Reyes-Hernandez v. INS, 89 F.3d 490 (7th Cir. 1996), holds that the changes made by sec. 440(a) of the AEDPA do not apply to aliens who may have surrendered rights under the law in force at the time, only to learn that this step--costless or even beneficial when taken--has unexpectedly closed the doors of the federal court to the review of their principal claims. Cf. Burris v. Parke, 95 F.3d 465 (7th Cir. 1996) (en banc) (similar conclusion for another provision of the AEDPA). We were particularly concerned about the possibility that an alien might concede deportability, despite a colorable defense, in order to expedite a request for relief under sec. 212(c), only to have the concession wipe out jurisdiction under the amended sec. 106(a)(10).

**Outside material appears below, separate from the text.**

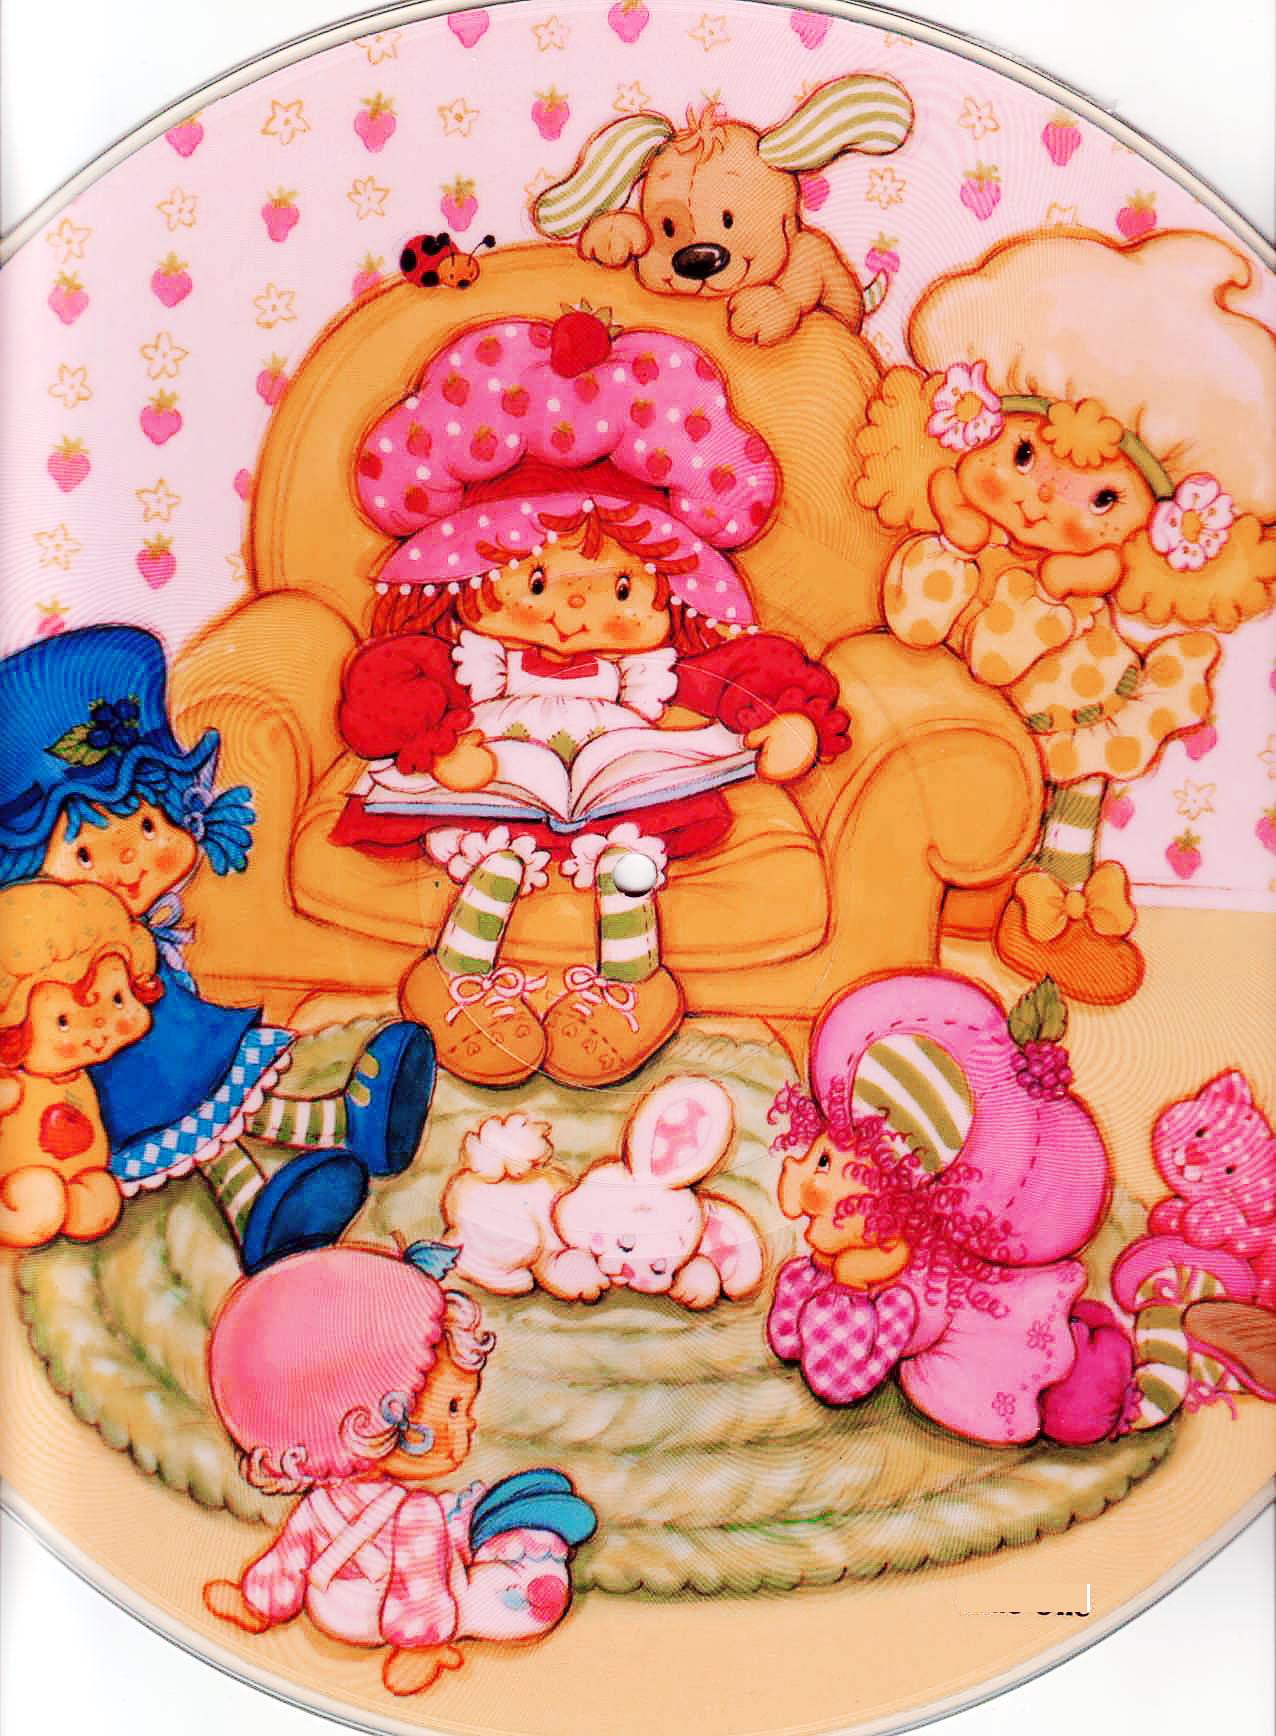 Clip Art - Clip art strawberry shortcake 207944

Several courts have disagreed with Reyes-Hernandez. See Kolster, 101 F.3d at 789; Salazar-Haro, 95 F.3d at 311; Hincapie-Nieto, 92 F.3d at 30. These courts observe that a concession of deportability does not facilitate or expedite a claim for discretionary relief under sec. 212(c). To the contrary, as Yang's case vividly shows, the concession complicates, and sometimes forecloses, that possibility. The second circuit expressed skepticism "that any alien concedes deportability only because of the expected possibility of section 212(c) relief and the availability of a petition for review of the denial of such relief. It is far more likely that deportability is conceded because there is no conceivable defense available." Hincapie-Nieto, 92 F.3d at 30.

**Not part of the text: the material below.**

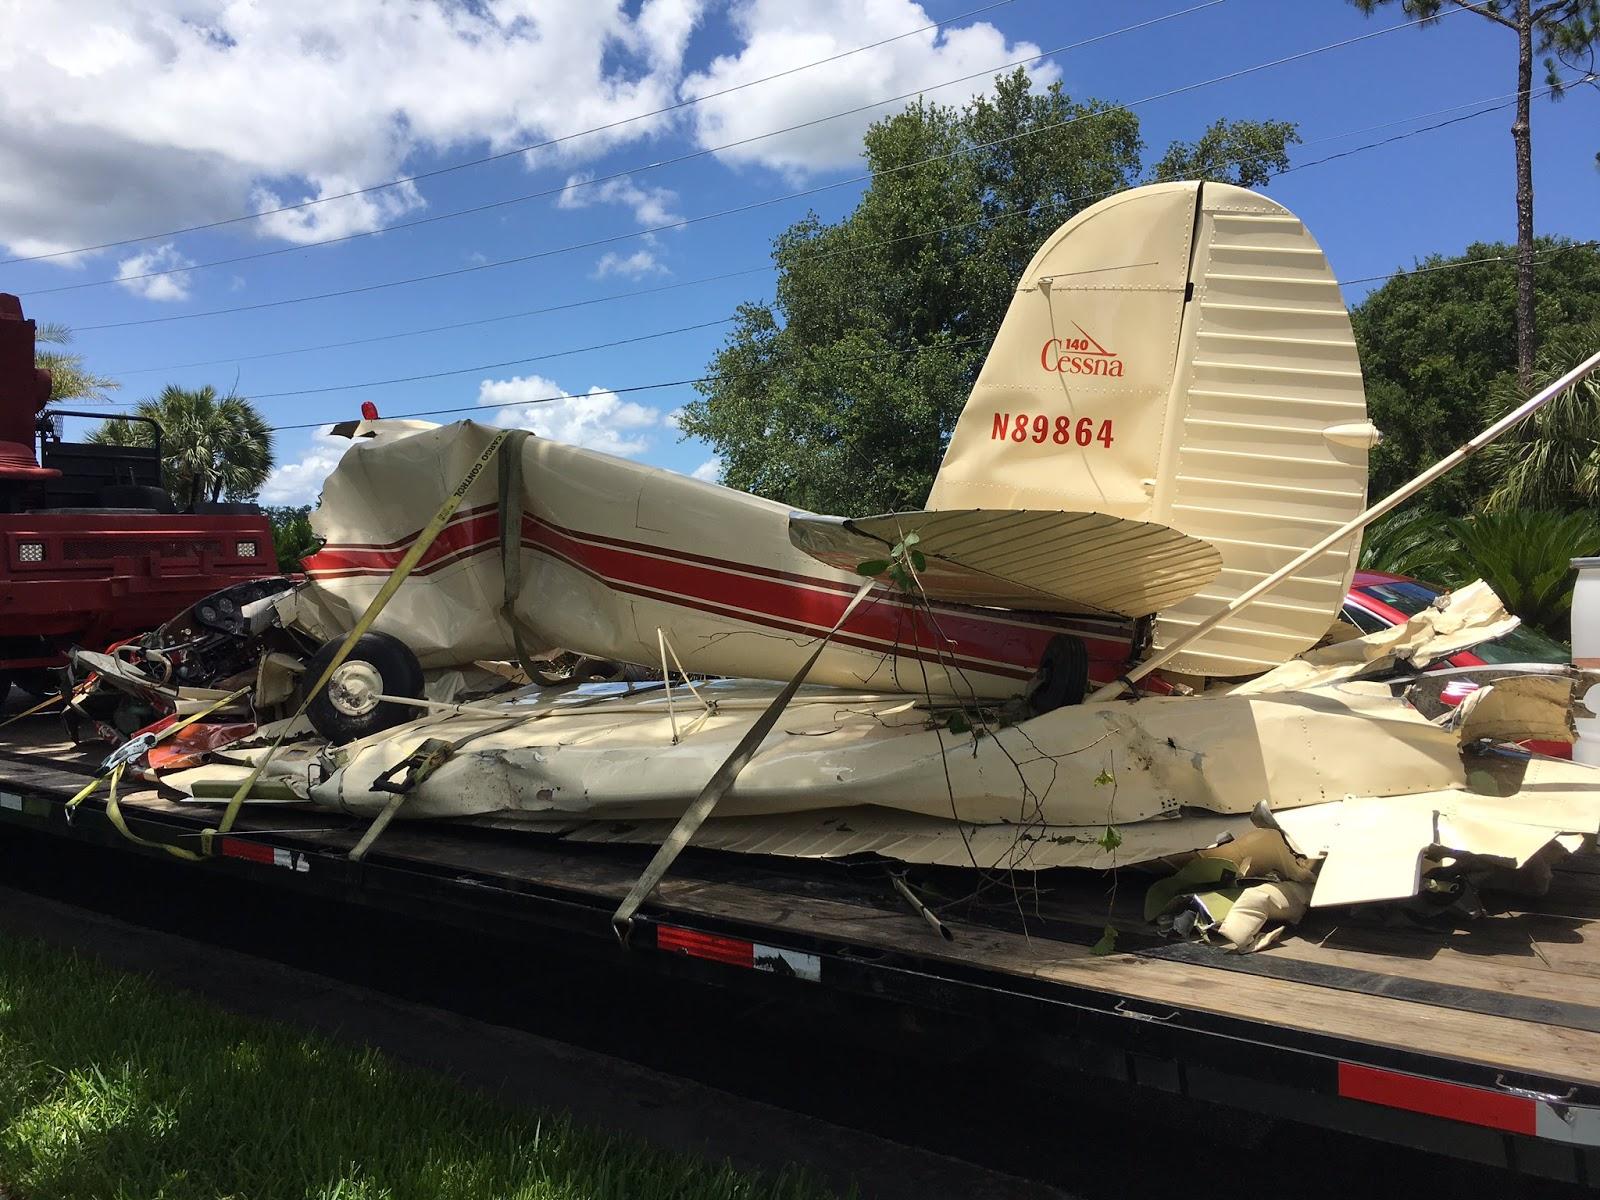 Kathryn's Report: Fuel Starvation: Cessna 140, N89864, fatal

That much was plain in Reyes-Hernandez itself. We observed that unless the alien had a colorable defense to deportability under sec. 241(a)(2), the concession of deportability was costless and could not be characterized as a tactical decision gone awry in light of the statutory amendment. Arevalo-Lopez v. INS, 104 F.3d 100 (7th Cir. 1997), converted this reservation to a holding, dismissing a petition for review, on the authority of sec. 106(a)(10), after concluding that the alien did not have a colorable defense to deportation. Terrazas-Garcia, Katsoulis, and Bicanin concede that they lack a colorable defense to deportation, and that under Arevalo-Lopez the amended sec. 106(a)(10) applies. They ask us to overrule Arevalo-Lopez, but we are not inclined to do so. Reyes-Hernandez is a decision with a limited domain, as Arevalo-Lopez properly recognizes--a domain that it would be inappropriate to expand, given the force of precedent in other circuits.
Only Yang attempts to use the safe harbor recognized in Reyes-Hernandez. He contends that he is not deportable under sec. 241(a)(2)(C), because concealing the gun in the family garage differs from "possessing" a firearm. This is certainly a colorable defense to deportation under sec. 241(a)(2)(C). But Yang's problem is that he is unable to demonstrate how the change of law pulled the rug out from under his litigating strategy. Such a demonstration is essential--or so we have held when deciding what other provisions of the AEDPA apply to pending cases. See Lindh v. Murphy, 96 F.3d 856 (7th Cir. 1996) (en banc), cert. granted, 117 S. Ct. 726 (1997); Roldan v. United States, 96 F.3d 1013 (7th Cir. 1996). Yang has not been mousetrapped. True enough, he did not make the sec. 241(a)(2)(C) argument to the immigration judge, but this was not part of a plan to facilitate a plea for discretionary relief. To the contrary, under the Board's precedent (and the law of this circuit, see Leal-Rodriguez) the concession foreclosed relief under sec. 212(c). Being behind the eight ball cannot be attributed to the AEDPA. What is more, although Yang conceded deportability before the BIA under sec. 241(a)(2)(A)(ii), he had resisted this theory before the immigration judge; again he did not drop an objection in order to set up a claim for relief, for the finding of deportability under sec. 241(a)(2)(A)(ii), coupled with the Board's view that theft of guns is a "particularly serious crime", extinguished the possibility of asylum.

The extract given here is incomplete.